MARIE: Yeah. It’s a great question. So, I do think there is a continuation of siloing that's happening. I think people are actually, more and more people—going back to our conversation before—I don't know if this is an intuitive sense or this is a part of my reticular activating system because I'm paying closer attention to it, so I see or sense more of it, but I do think that people are spending less time on social or recognizing some of those negative impacts.
So, we had this experience. I think it was in 2021. What was it? Like, a few days at the end of September, where Facebook and Instagram went down for a few hours. Do you remember that? So that happened, actually, when we were just launching our Time Genius program. And in that program, it was all about, “Okay. So, you're going to focus,” and people were—they’re like, “Marie, did you set this up?” I'm like, “I swear I did not.” But my reason for bringing this up is, because so many people were like, “I can't reach my customers. It's all these hours. I have all these ads and all this stuff happening,” whether it was a day or a day and a—I forget how long the actual blackout was—but it made me go, “This is why we teach people to cultivate their own opt-in mailing list and—”
MARIE: “—other things outside of social.” So it can be a mailing list, like actually mailing something like a postcard to someone. It can be text based or SMS or all of these different ways outside of typical social media where you can maintain that relationship with your customers.

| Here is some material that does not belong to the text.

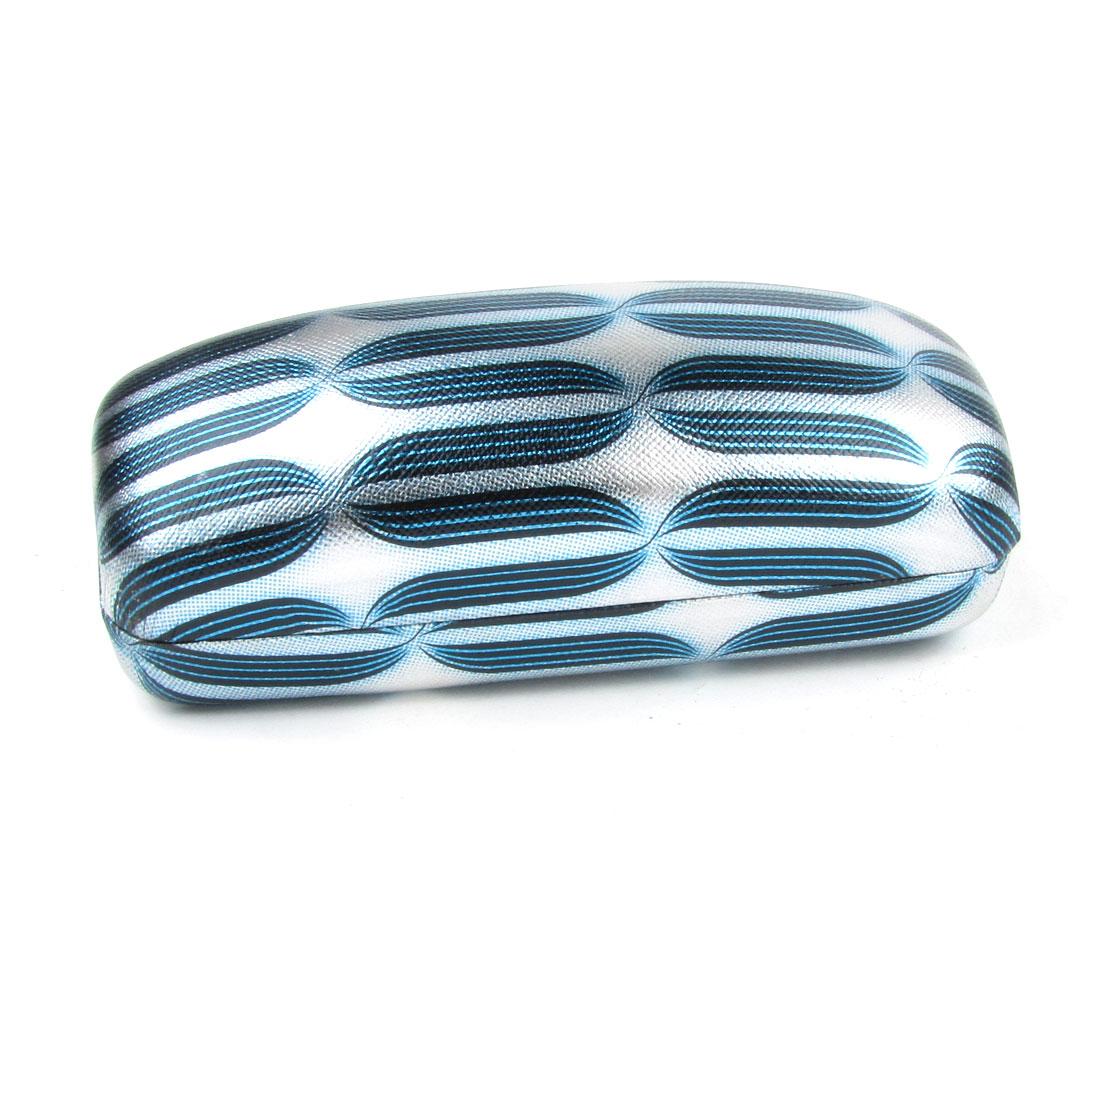 "6"" Long Black Blue Stripes Pattern Silver Tone Faux Leather Wrapped Glasses Box"
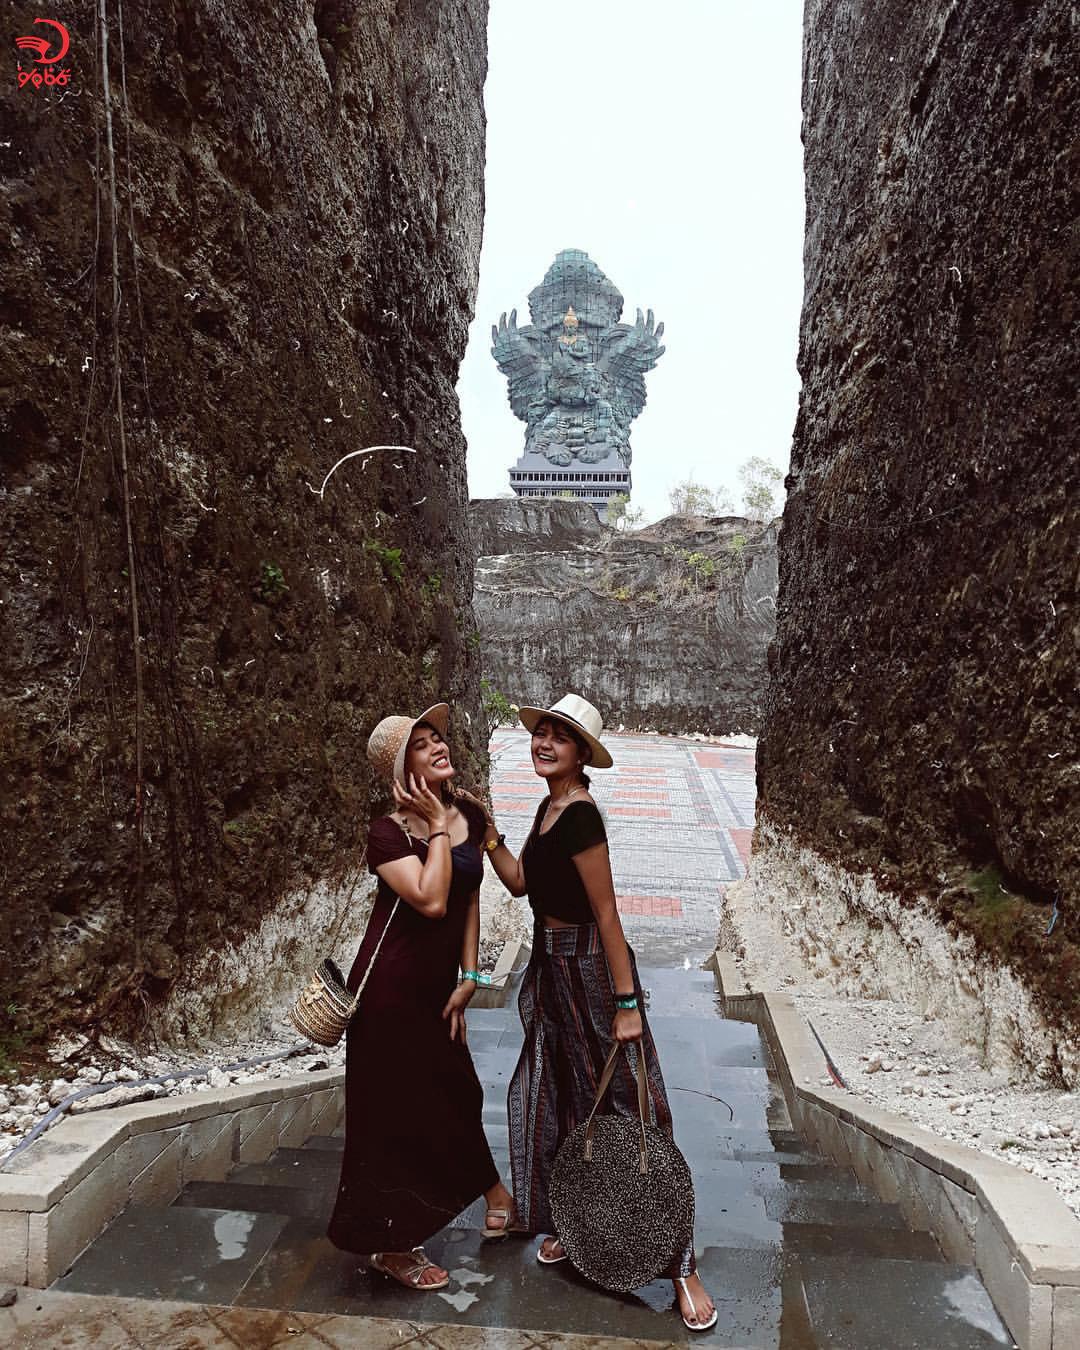 پارک مرکزی جی دبلیو کی بالی

So I think it is getting more challenging. In terms of staying top of mind, you have to be more effective at your copywriting. You have to be more integrous in terms of delivering value and really creating trust. You can't phone it in anymore because there's too much competition. There's too much volume out there. But if you know how to do it effectively, you will win as a business owner.
So I think there’s going to be a move away from social even more in the upcoming years. I think it's critical that people up their ability and understanding of email marketing and how to make it effective.
I also think that people are continuing to move into spaces where you don't necessarily have to have these huge, complex websites anymore. It's just so much about funnels, so much about just immediacy in terms of making an offer that's genuine. And people can turn around, in terms of a profit, very, very quickly now. I think that's extremely different than it was in the past. I think there was a longer turnaround time from when you could attract someone to your business to having to build that trust to I think we can do it pretty quickly now because people are so comfortable spending money online and making online purchases.
AMY: Yeah. I love that. I would love to see more of that. And I do, I watch people online now and how quickly they get online and how they could be successful online, in terms of whether it be courses or memberships or coaching programs or products, you can get there faster. I don't want it to sound like you and I had to walk to school uphill both ways—
AMY: —but it is different than even—
MARIE: It is different.
AMY: —thirteen, fifteen years ago. So that's exciting.
MARIE: It's 100 percent different. Yeah, I think it is, too. And I mean, you think about the technology and the tools that go along with that, right? I was telling someone, my god, my first website, I had to barter with my dad's friend to create an HTML—you know what I mean?—basic site.
MARIE: And now everything's drag and drop, and it's like, this is—
MARIE: —incredible. So for anyone out there, no matter what stage you're at, there's so much possibility for you to create speed and momentum if you understand strategy. And I think that's the really important piece. I think that people can get themselves in a lot of trouble by just staying on the surface and looking at what other people do and kind of copying it or modeling it from a surface level and go, “Oh, she does that. Amy’s doing that. I should do that.” But they don’t understand the strategy that you understand from really having that deep psychological education about how to inspire people to take action, how to have a business be sustainable. I mean, you've been doing this quite a long time, too, my friend. And that, I think, is the difference between folks like us and other people that kind of are a flash in the pan but then it's all gone in, like, a month or a year.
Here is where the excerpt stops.